Platt hated to admit it but said, “Yes, it looks that way. Her kidneys have begun to fail. We have her on—”

Janklow held up a hand to stop him. Platt hated the gesture but hesitated as ordered. “She won’t make it,” Janklow said as matter-of-factly as though they were talking about the stock market. “Isn’t that correct?”

Platt had spent the night doing everything possible. As a doctor he wasn’t ready to admit failure.

“Most likely that’s correct,” he agreed. “However, I have seen cases—”

The hand went up again. This time Platt had to stifle a frustrated sigh.

Janklow paced from his desk to the window, hands clasped, chin still resting on his chest, perhaps his own version of Rodin’s The Thinker. From what Platt knew of Janklow’s career, this was bigger than anything he had faced and probably the most pivotal battle he’d ever face. The man didn’t look panicked or tortured by the challenge. Instead, Platt thought he looked calm, too calm, like a man calculating whether to buy, sell or hold his investments.

“McCathy tells me that this virus jumps easily from host to host,” Janklow said, continuing his leisurely pace without looking at Platt, almost as if he were presenting a lecture on the topic. “That it’s been known to destroy entire villages in Africa.”

So Platt’s suspicions were correct. McCathy and Janklow had spent time chatting about all this. So much for chain of command.

“McCathy says it would take as little as a microscopic piece, preserved, sealed and delivered, perhaps even through the mail, to start an epidemic. Something like this,” Janklow said, “could start a mass panic.”

Platt didn’t disagree and waited for what he expected to be instructions on media containment. He didn’t, however, expect what Commander Janklow said next.

“What if they all disappeared?”

At first he wasn’t sure he had heard the commander right.

“Excuse me?”

“There’s only four now. Two are most likely doomed,” Janklow said, stopping now in front of Platt. “You said so yourself that the mother won’t make it. The daughter certainly couldn’t have spent that many days in the same house and not have the virus.”

Platt tried to conceal his surprise. Janklow mistook it for confusion, because he continued, “We make them comfortable, give them supportive care. Let the virus burn itself out.”

“What about the vaccine?”

“It’s never been proven to be a deterrent let alone a cure. Why risk it not working?”

“How can we afford not to take that risk, sir?”

“You’re thinking like a doctor, Colonel Platt. When you must think like a soldier. Must I remind you your mission is to contain and isolate? You let this virus burn itself out so there’s no possibility of it lying dormant, hidden by the guise of a vaccine that may or may not work.” He avoided looking at Platt when he added, “No one even knows they’re here.”

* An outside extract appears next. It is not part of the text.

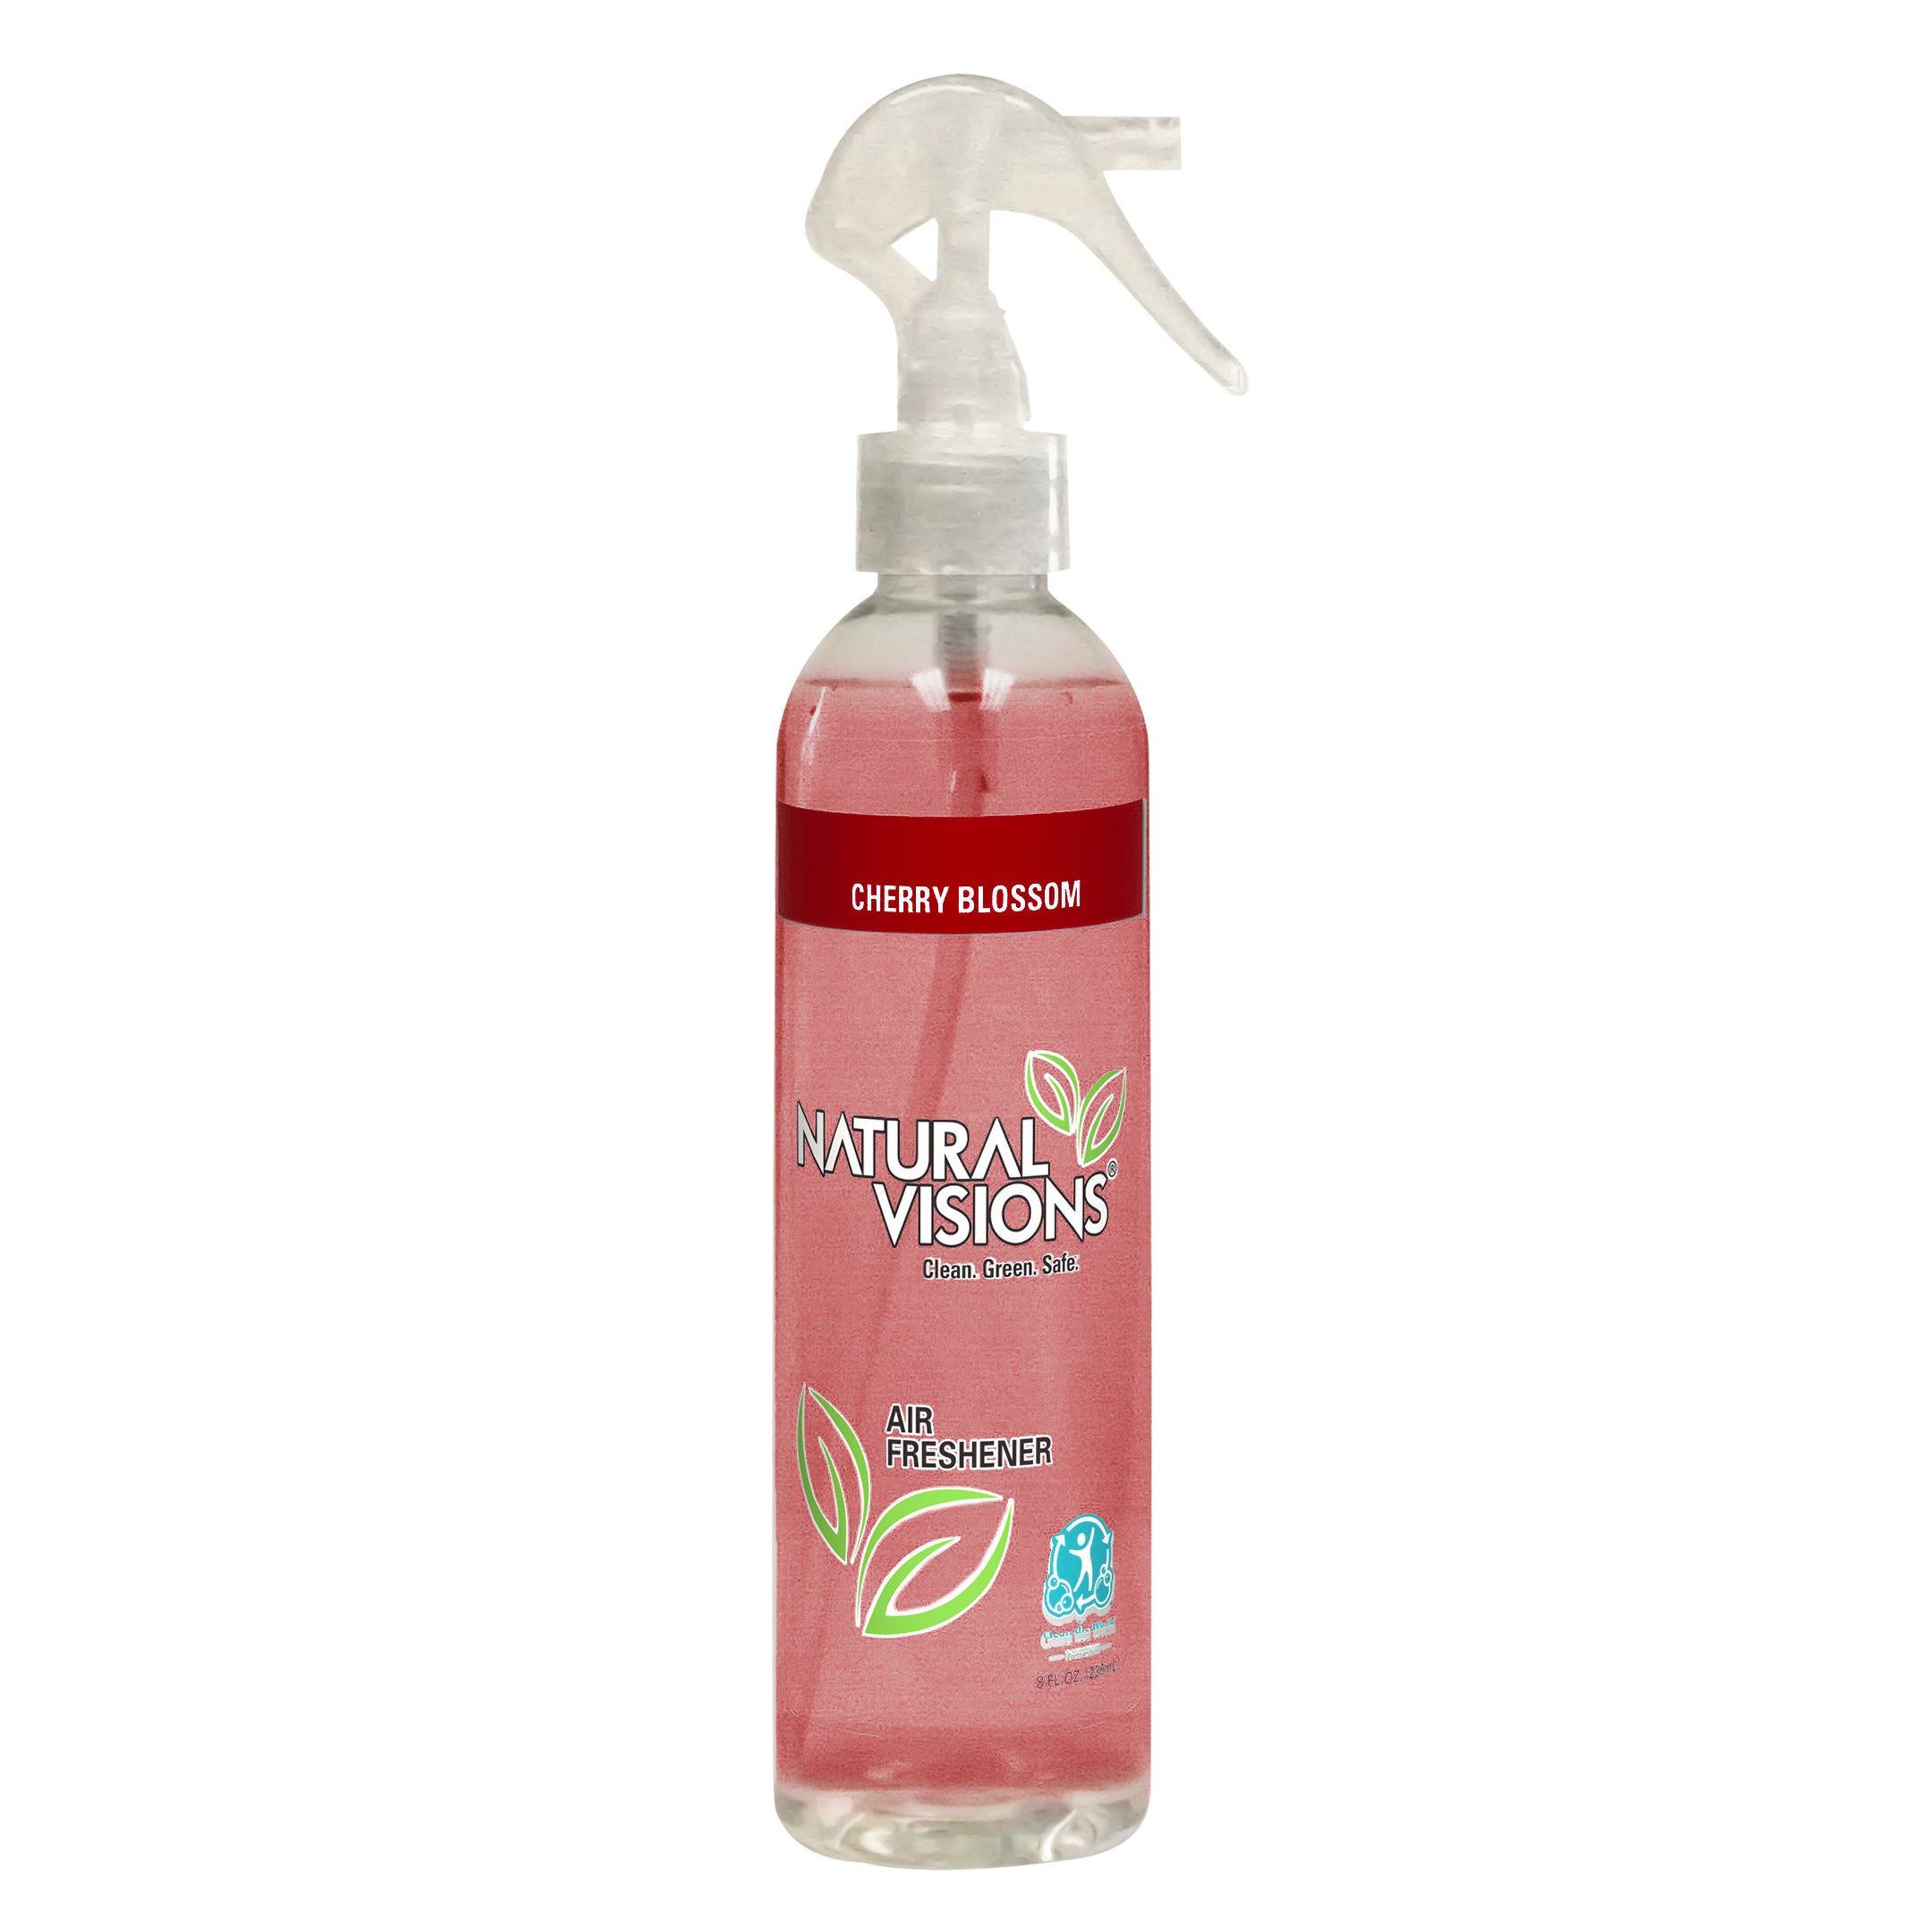 Natural Visions Cherry Blossom Air Freshener - 8oz/6pk

“We’re talking about the FBI,” Platt said, swallowing hard over a lump that seemed to appear inside his throat. He still couldn’t believe what Janklow was suggesting. Platt was tired. The adrenaline rush had left his body drained and his mind foggy. Perhaps he misunderstood what the commander was proposing.

“The FBI,” Janklow snorted like it made no difference. His chin was back on his chest in his best thinking spot. “FBI—they’re government employees, same as us. Sometimes sacrifices have to be made…” He glanced back at Platt. “For the greater good. In war zones…and hot zones.”

Then he marched to the window and took up his stance, exactly where and how Platt had found him.

Platt waited, hoping if he was patient enough Janklow would retract what he had just suggested. What he was suggesting was that they let the virus run its course inside Ms. Kellerman and her daughter as well as A.D. Cunningham and Agent O’Dell.

In other words, Commander Janklow was proposing they allow them all to crash and bleed out.